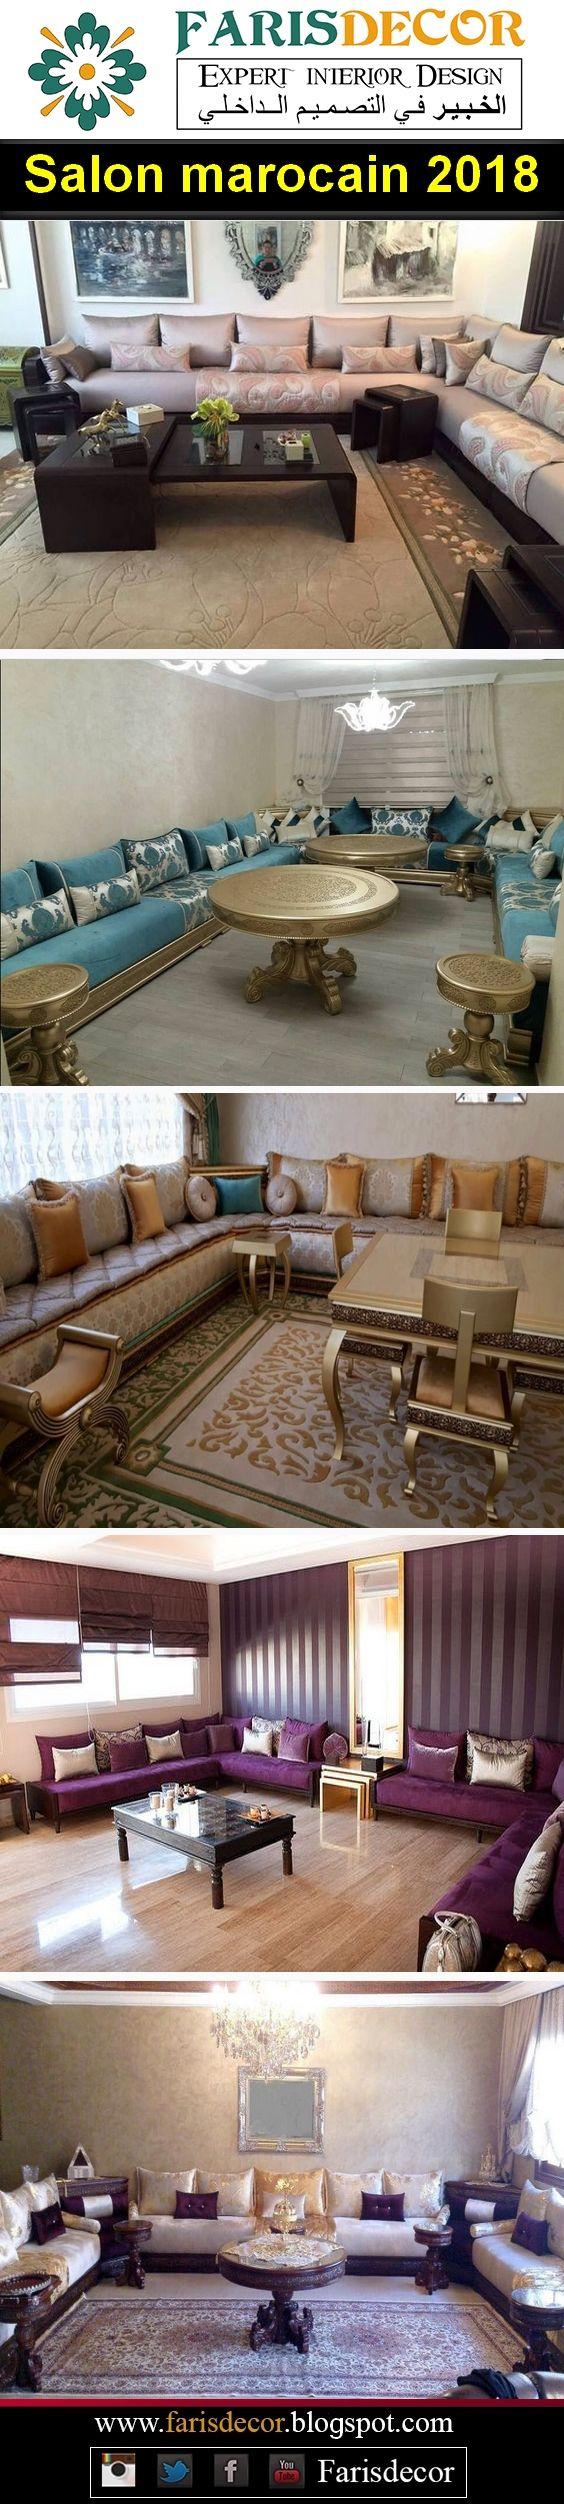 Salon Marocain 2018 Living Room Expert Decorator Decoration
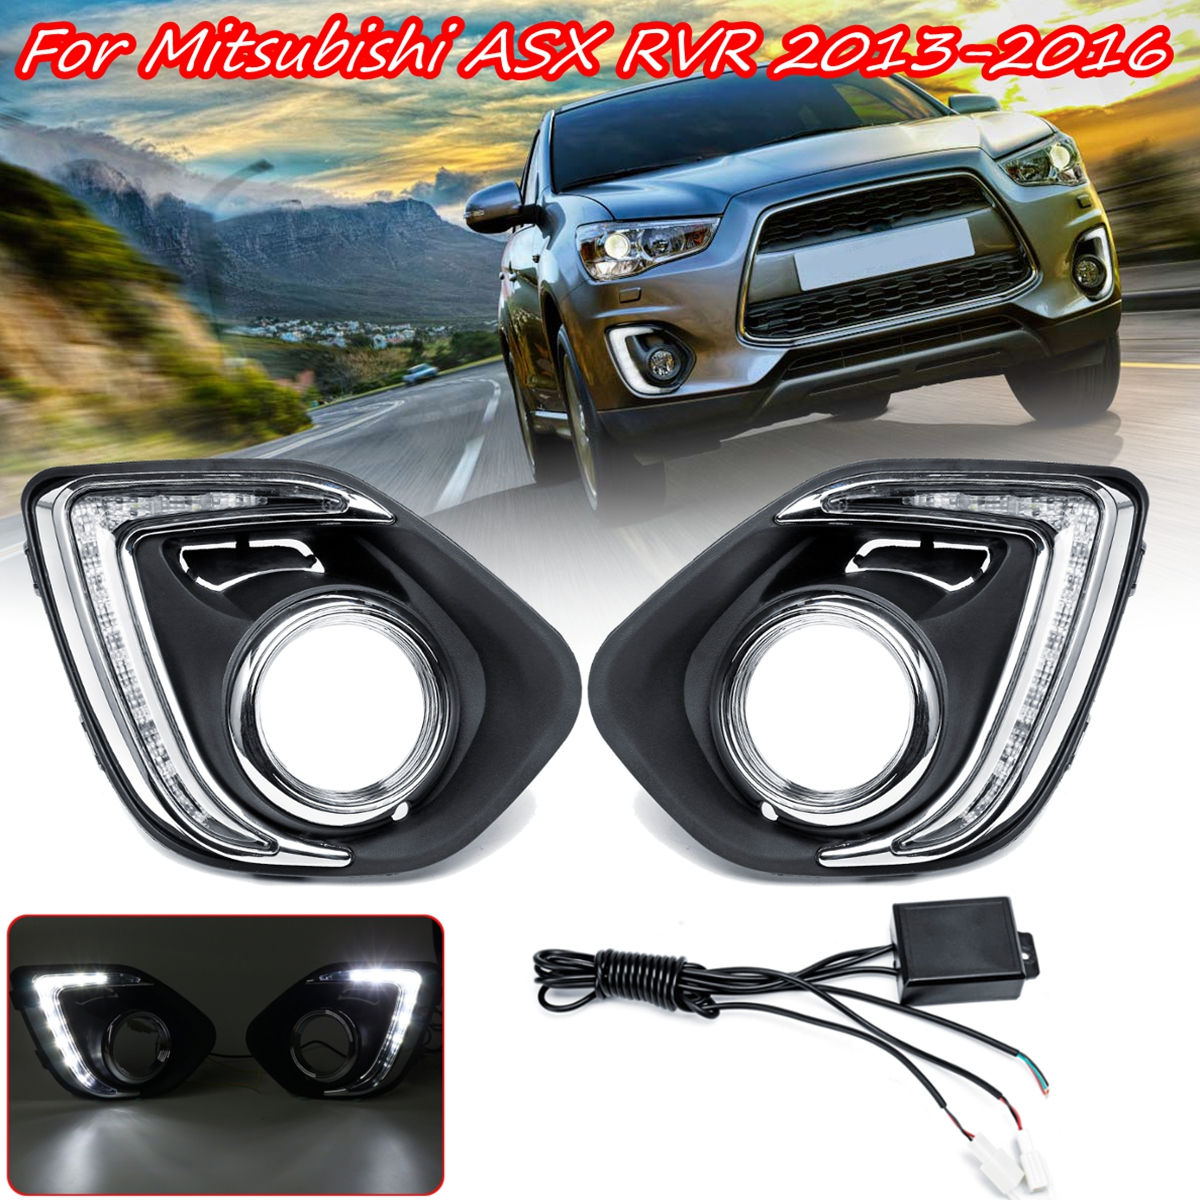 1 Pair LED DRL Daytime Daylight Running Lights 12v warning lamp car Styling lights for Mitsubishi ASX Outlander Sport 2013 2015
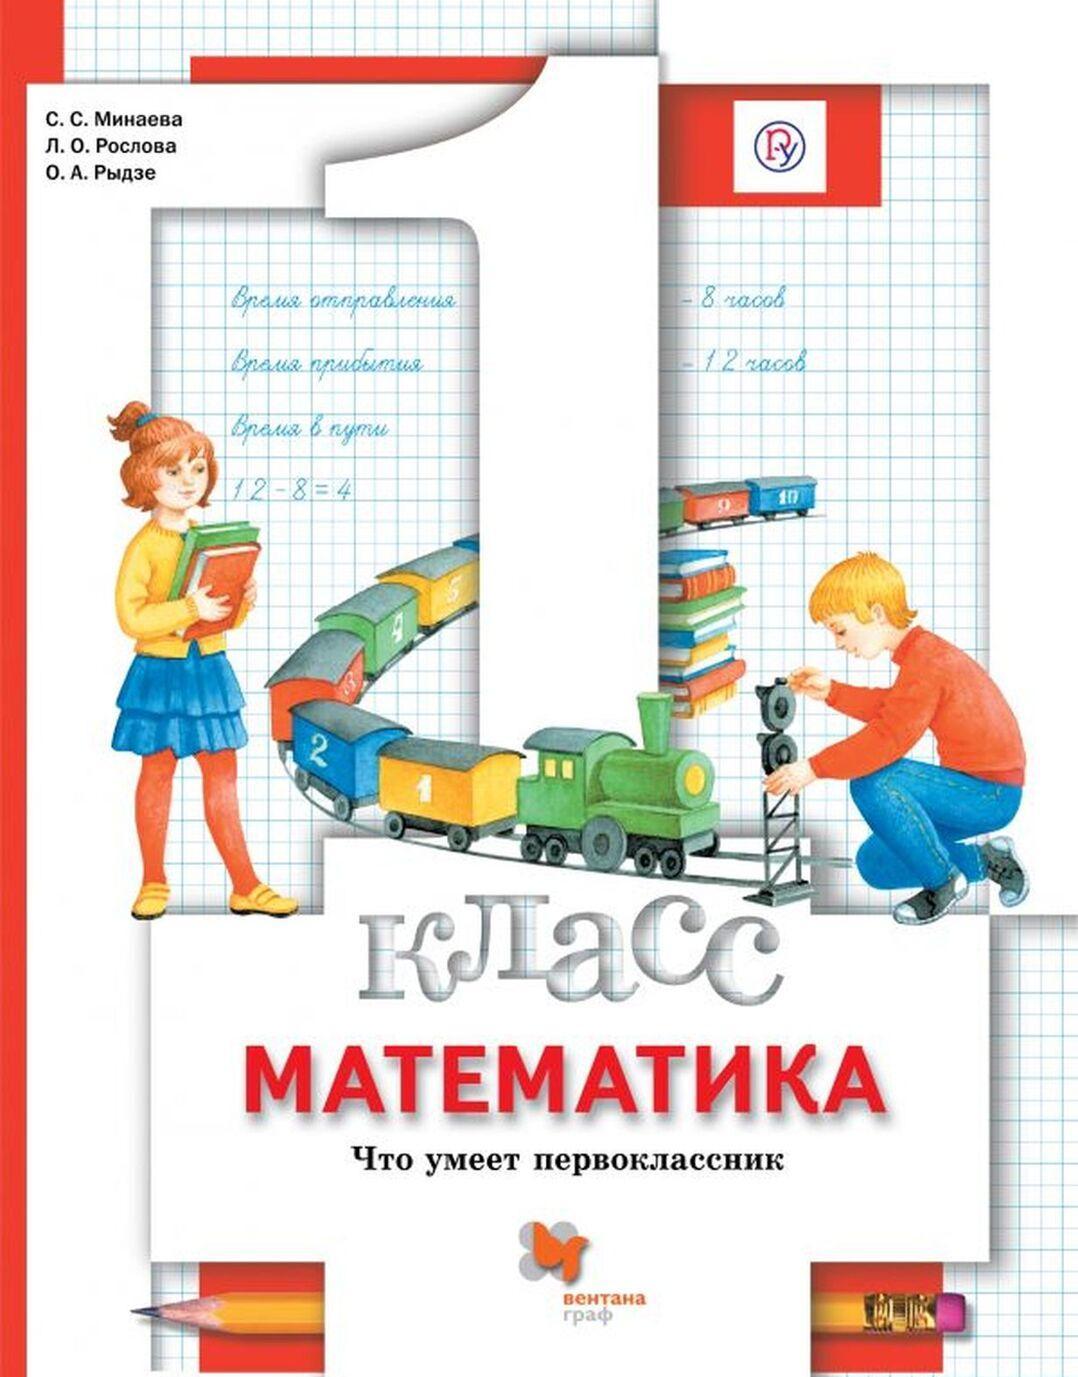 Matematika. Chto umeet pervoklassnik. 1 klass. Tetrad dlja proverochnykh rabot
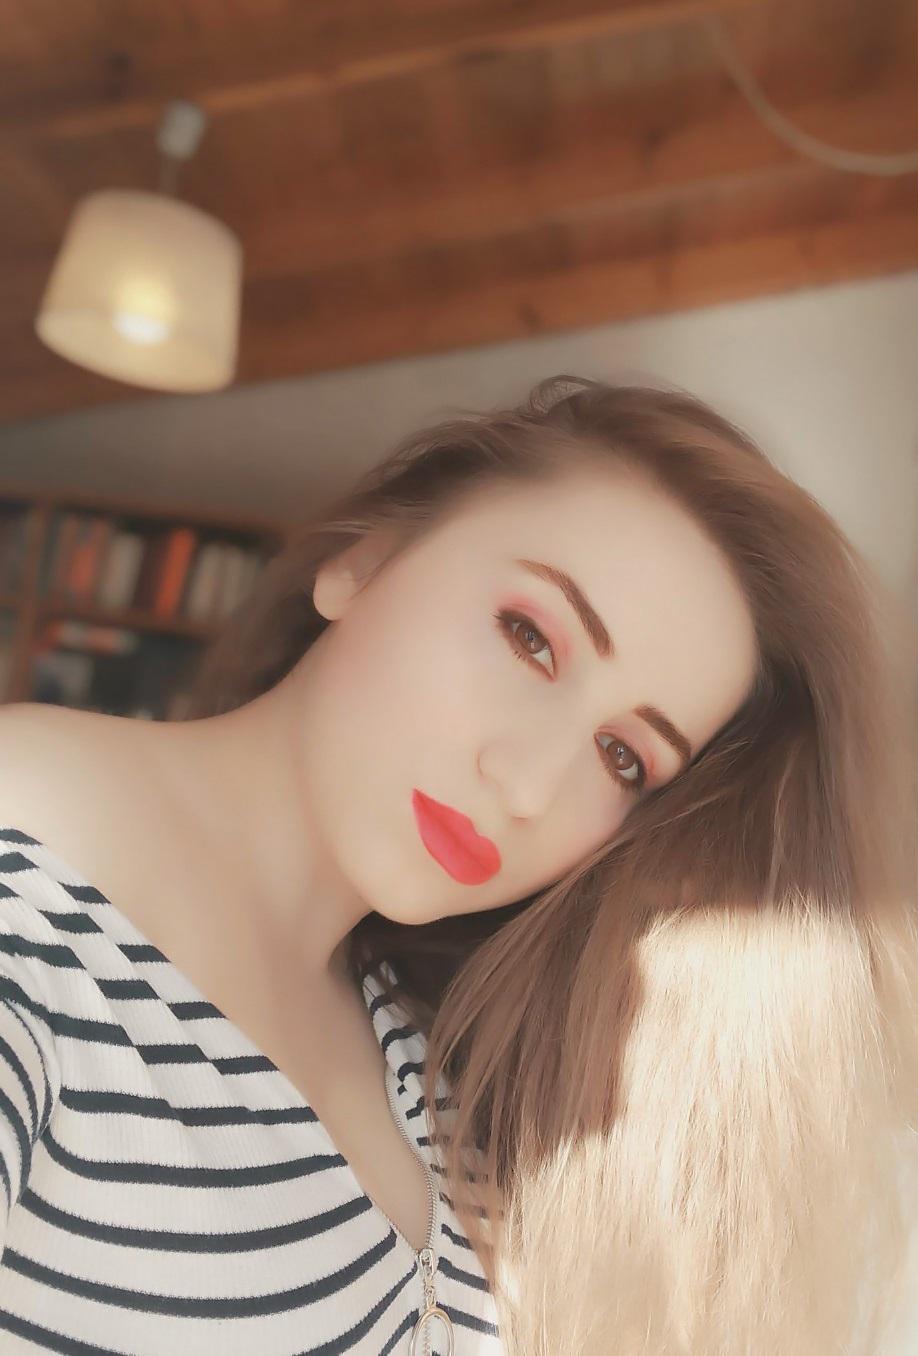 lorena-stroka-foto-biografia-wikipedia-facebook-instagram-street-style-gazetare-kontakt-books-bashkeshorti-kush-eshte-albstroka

Assignment
Give the data above again in full and unchanged, skipping the pictures.

Answer for the task
 Salon Marocain 2018 Living Room Expert Decorator Decoration
 1 Pair LED DRL Daytime Daylight Running Lights 12v warning lamp car Styling lights for Mitsubishi ASX Outlander Sport 2013 2015
 Matematika. Chto umeet pervoklassnik. 1 klass. Tetrad dlja proverochnykh rabot
 lorena-stroka-foto-biografia-wikipedia-facebook-instagram-street-style-gazetare-kontakt-books-bashkeshorti-kush-eshte-albstroka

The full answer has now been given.